A special archeological section of the museum was established in 1909, using the premises of the old Canning College in Qaiser Bagh. The museum was formally organized in the same year with the constitution of a Management Committee.

Some important figures who also contributed to the formation of the museum from the colonial period include Mr. A. O. Hume, who was an important member of the management committee. In 1867 the first superintendent of the museum was Emanuel Bonavia, a surgeon. The first curator of the museum, archeologist Dr.

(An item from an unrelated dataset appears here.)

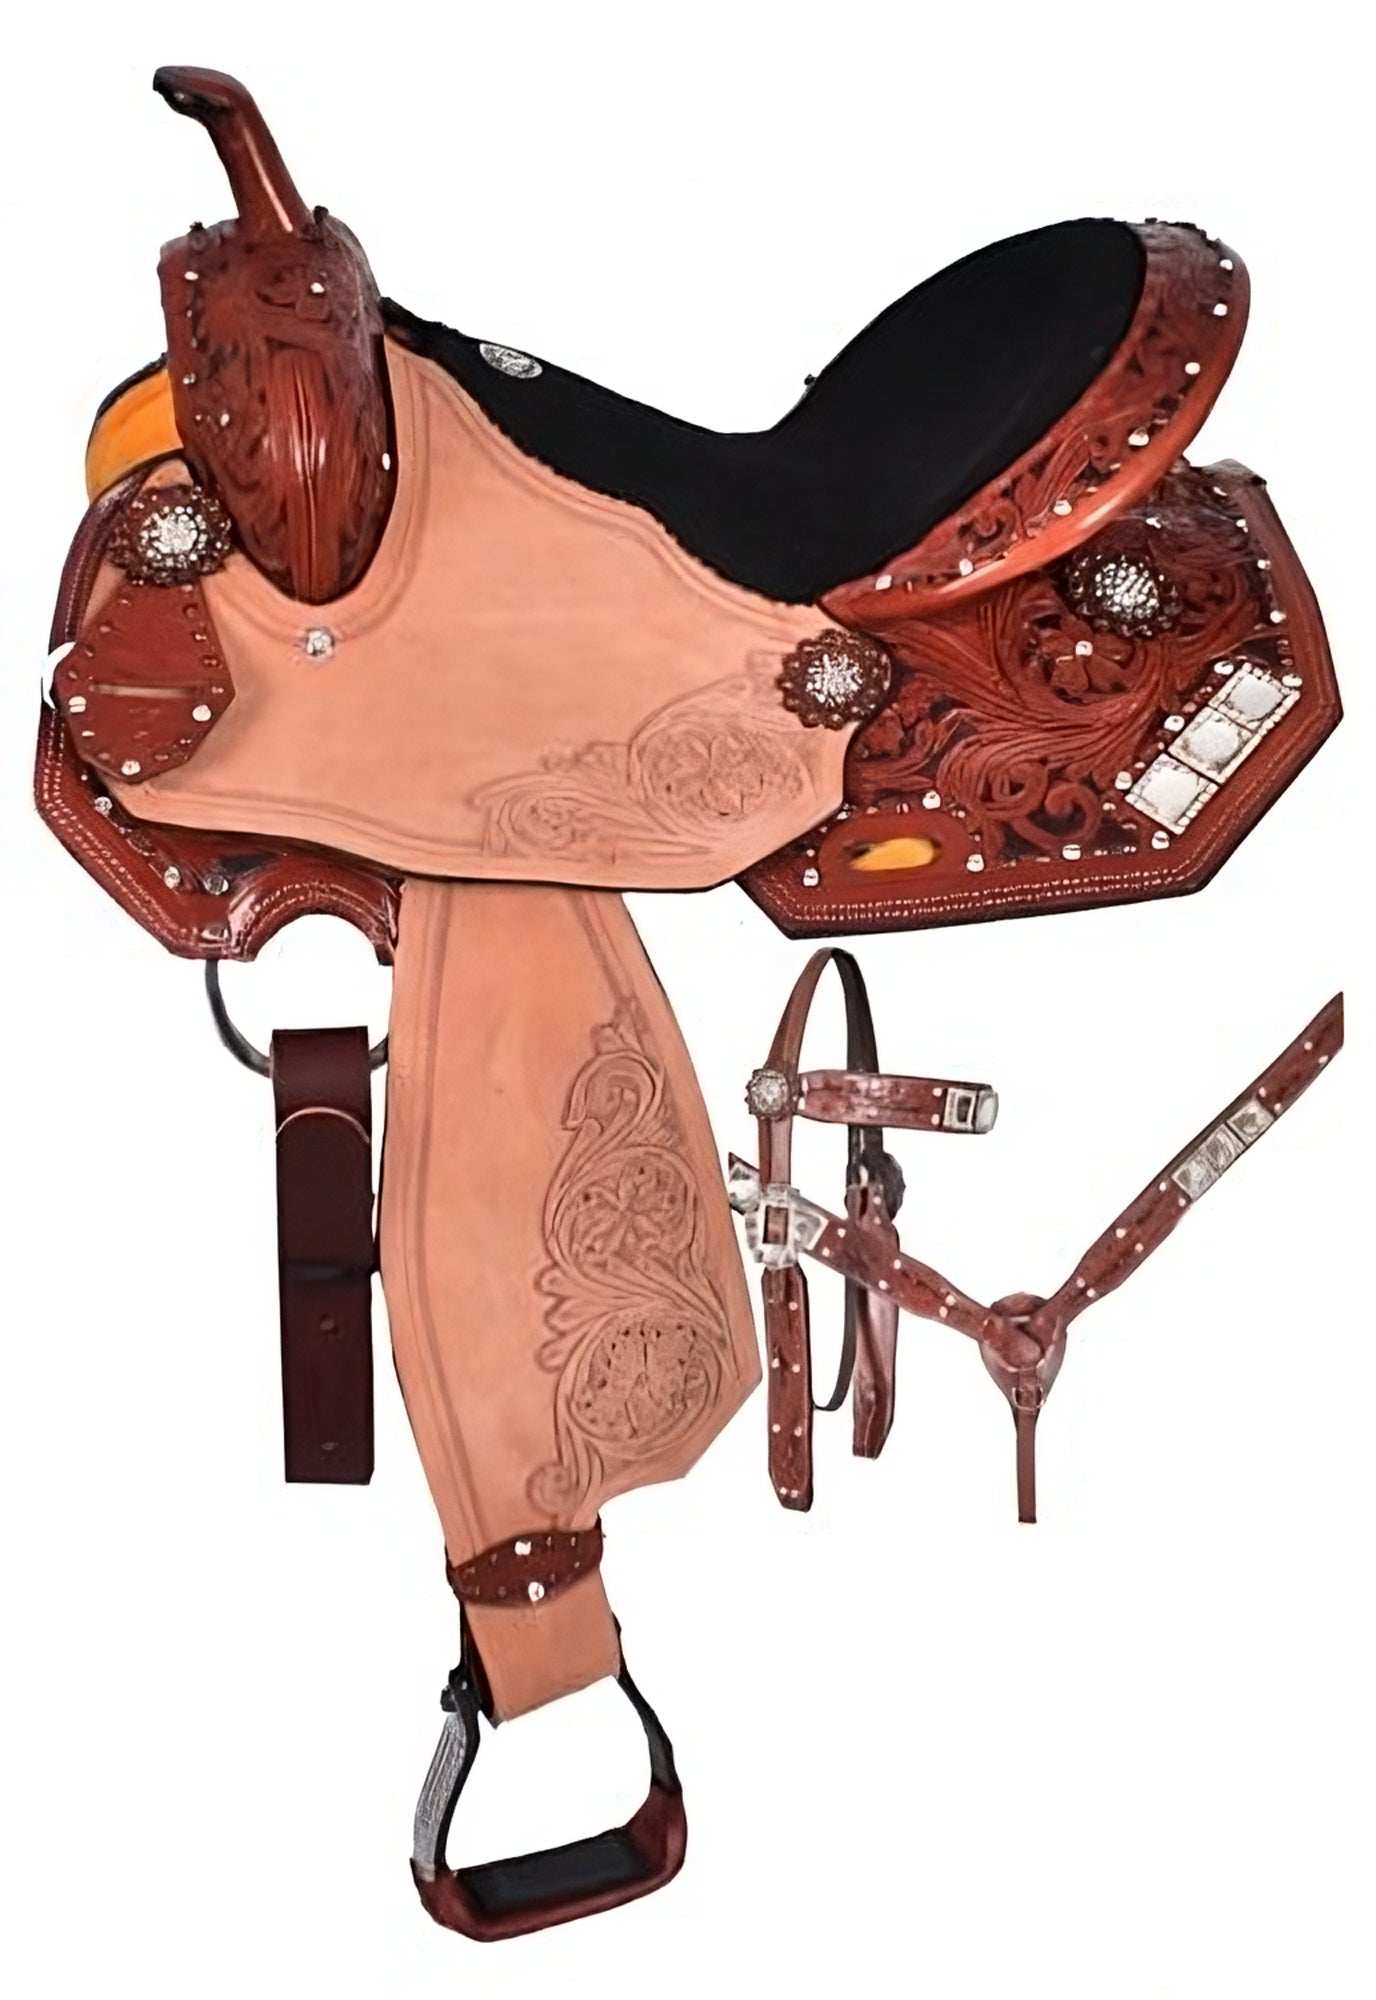 013: 14", 15" Double T Barrel Saddle Set with floral tooling Barrel Saddle Double T

A.A. Fuhrer was appointed on 30 March 1885. Fuhrer's expertise and interest in the field of archeology was reflected in his first contribution to the collection of the museum, excavation at Kankali Mound at Mathura in three consecutive periods covering 1888–89, 1889–90 and 1890–91. All the excavated antiquities recovered from the site were relocated to the erstwhile Provincial Museum.

The museum undertook other important excavations including one at Ahichchhatra in 1891–92, the 1912–12 at Kasia and subsequent excavations at Indor Khera, Sankisa, Unchgaon and Astabhuja. These excavations and subsequent collections from the same contributed to the important Archeological section of the museum.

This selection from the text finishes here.